▶ [DATA EXTRACT]
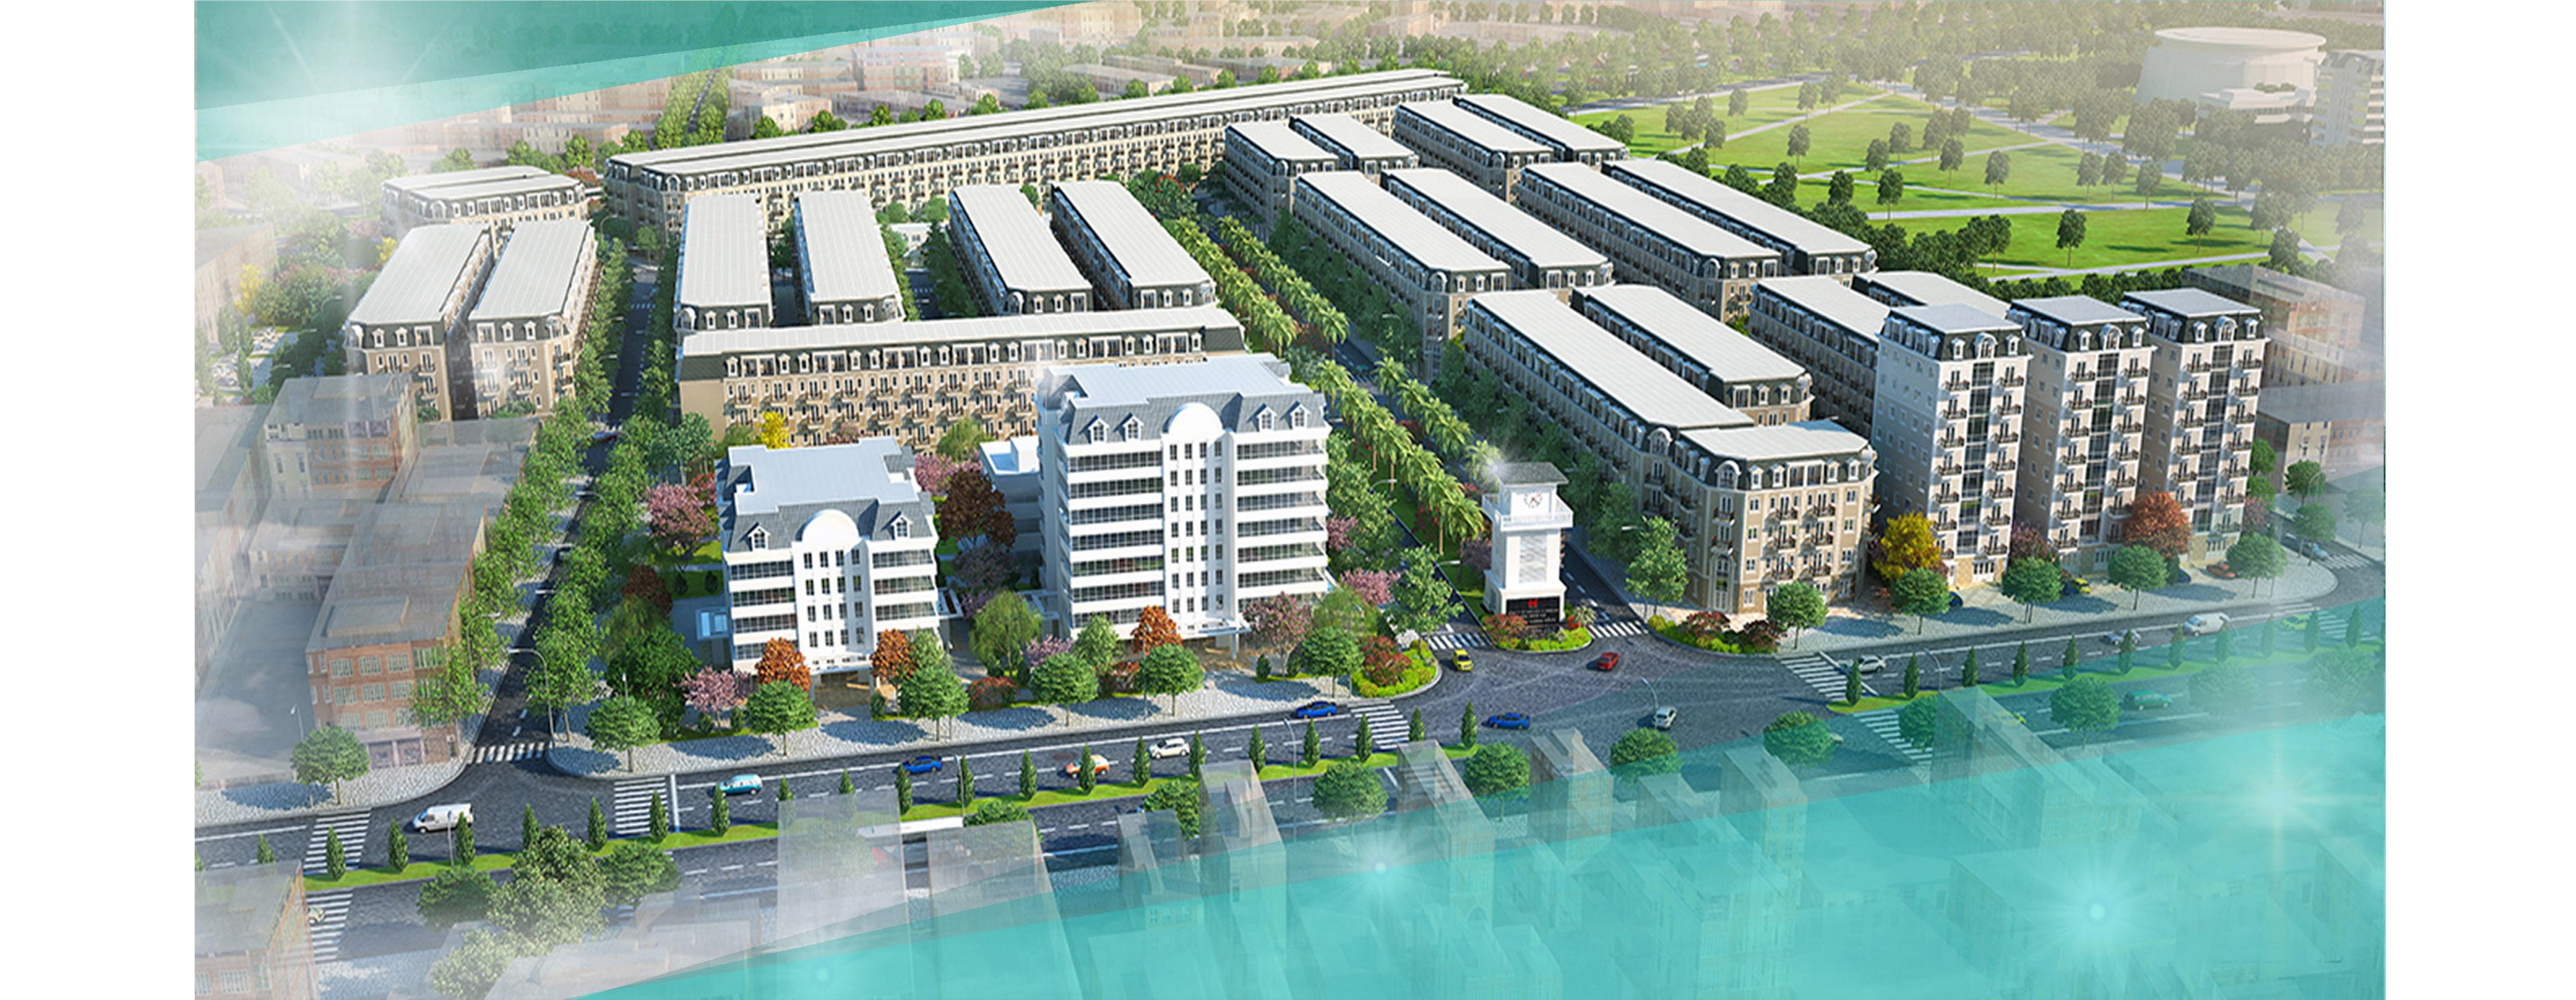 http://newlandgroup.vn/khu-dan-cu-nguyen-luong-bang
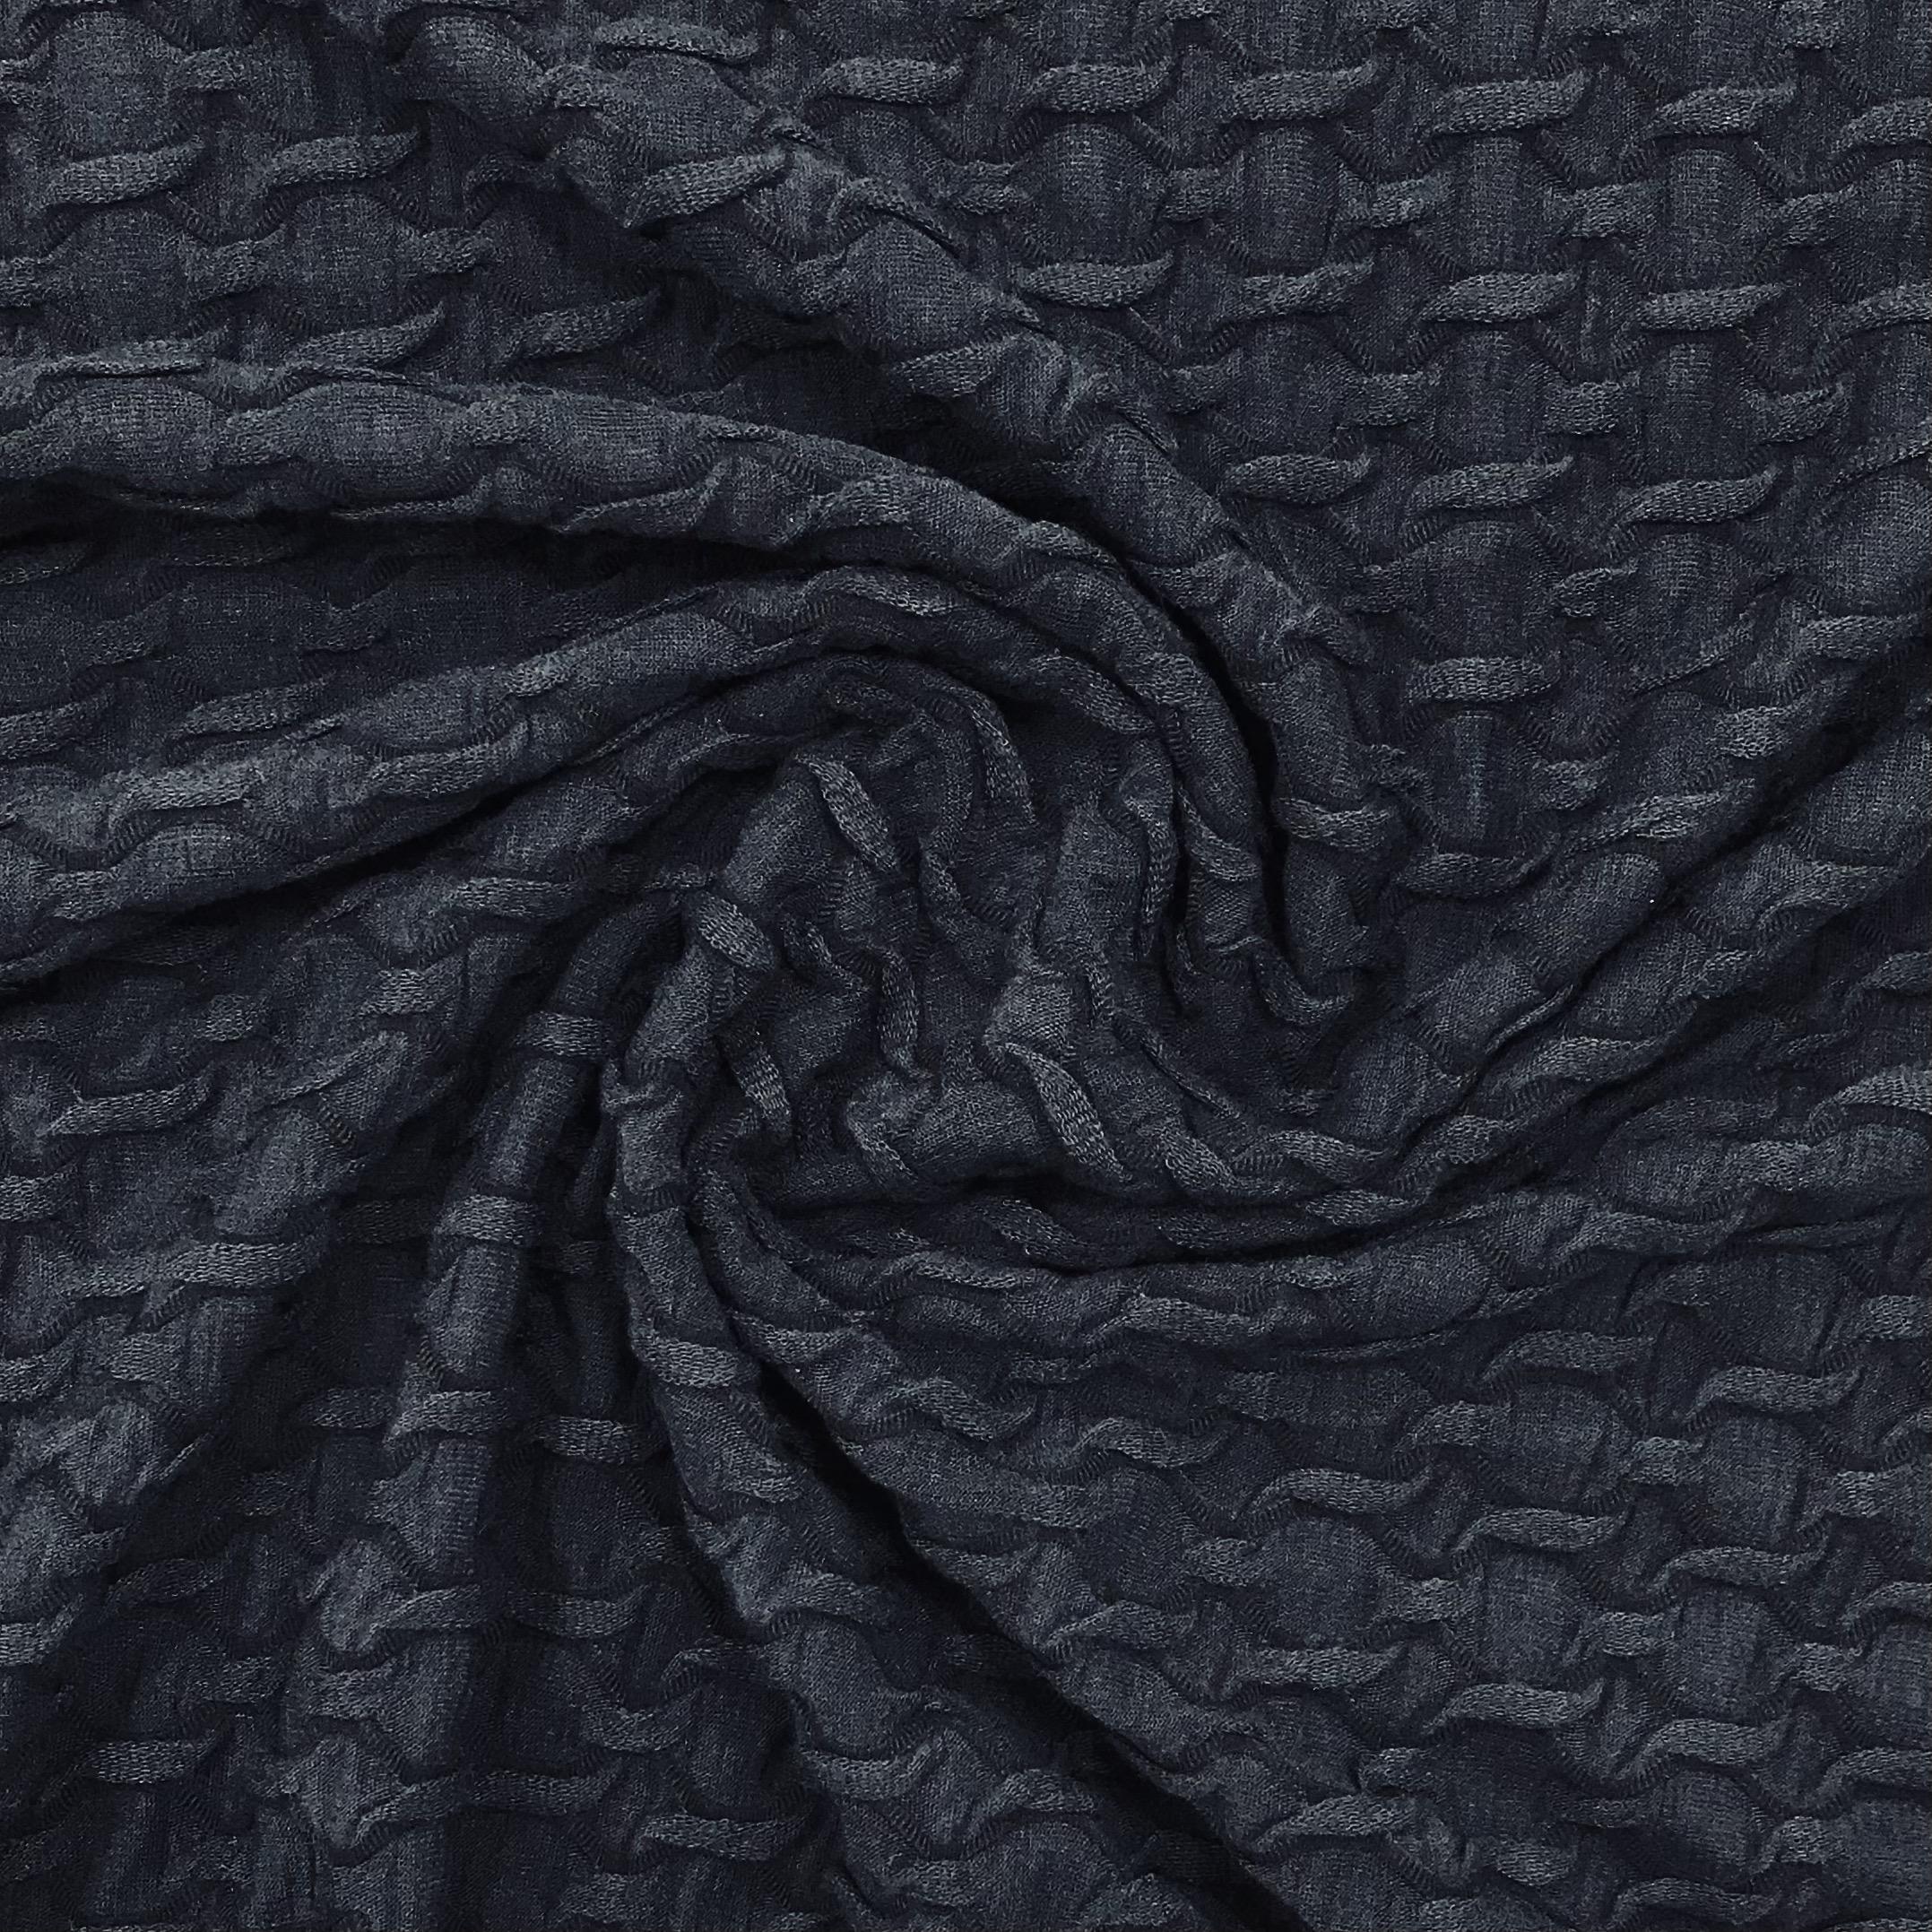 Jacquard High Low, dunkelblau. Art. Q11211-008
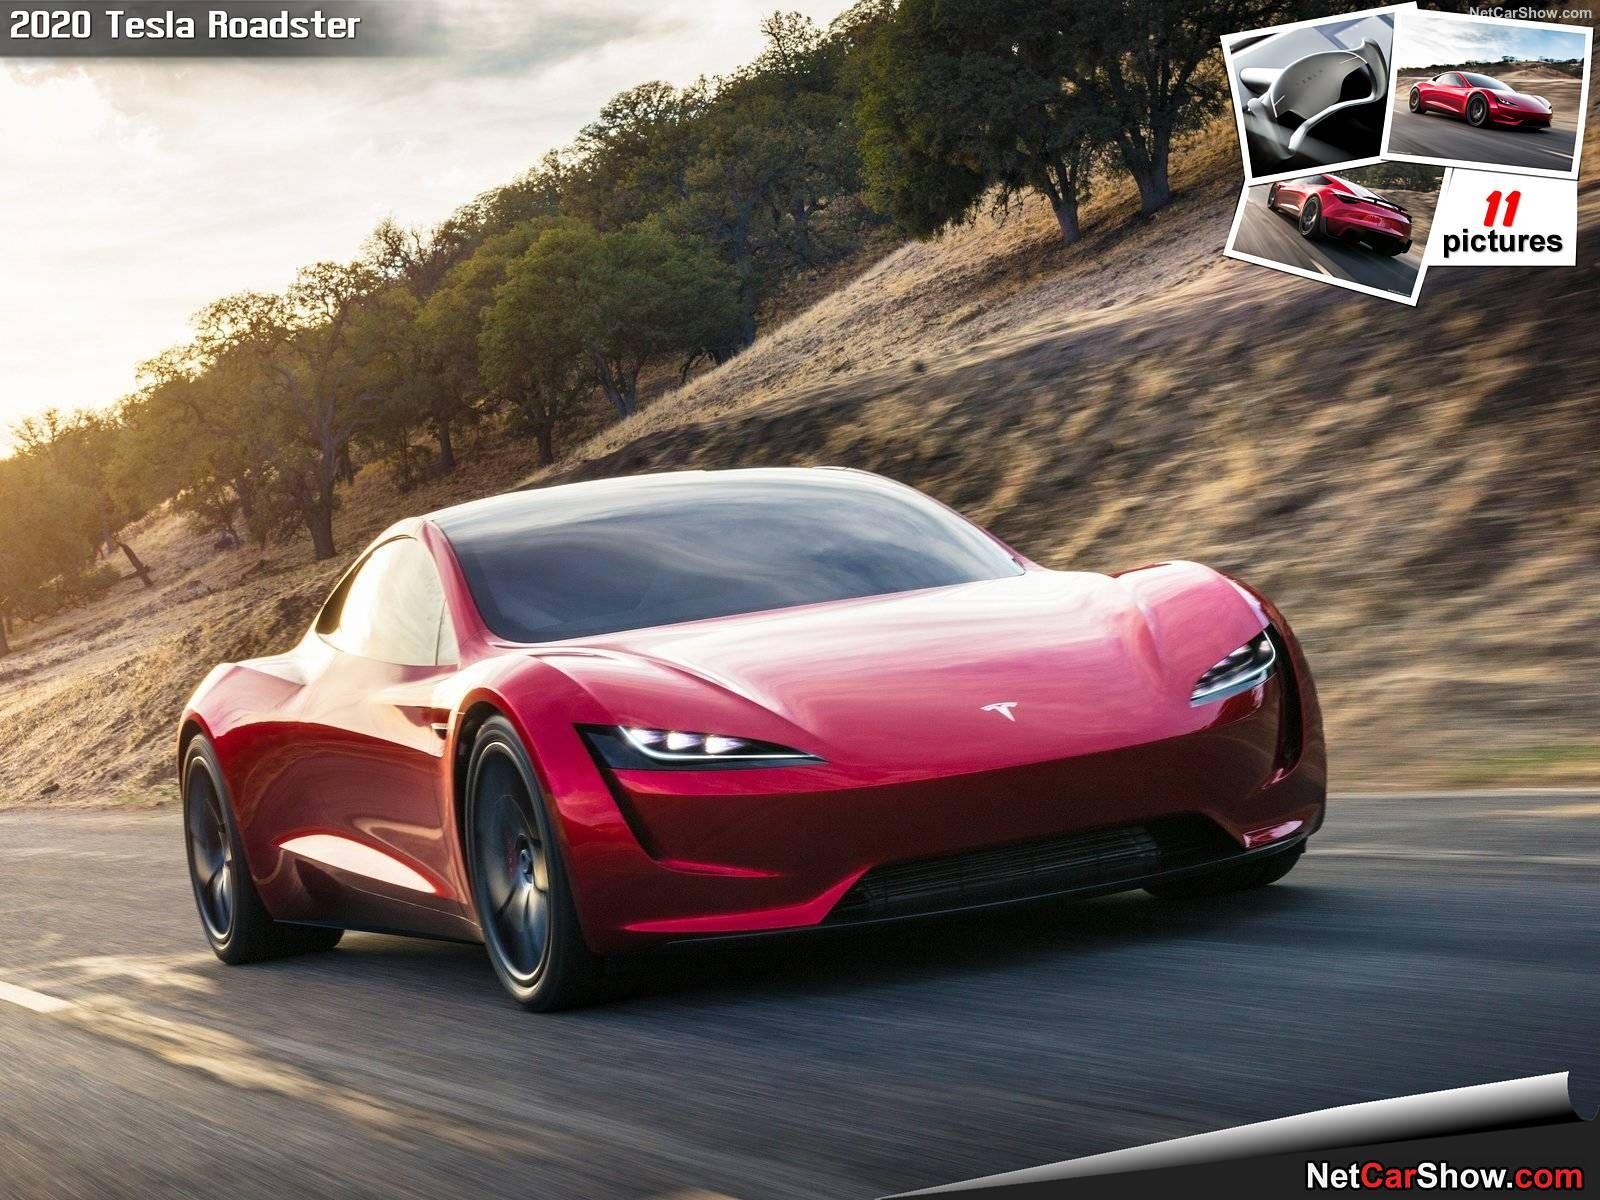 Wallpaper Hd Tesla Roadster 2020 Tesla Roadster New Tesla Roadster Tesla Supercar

▶ [WHAT IS EXPECTED]
Everything in the material above should be reproduced exactly, except the pictures.

▶ [WRITTEN SOLUTION]
 http://newlandgroup.vn/khu-dan-cu-nguyen-luong-bang
 Jacquard High Low, dunkelblau. Art. Q11211-008
 Wallpaper Hd Tesla Roadster 2020 Tesla Roadster New Tesla Roadster Tesla Supercar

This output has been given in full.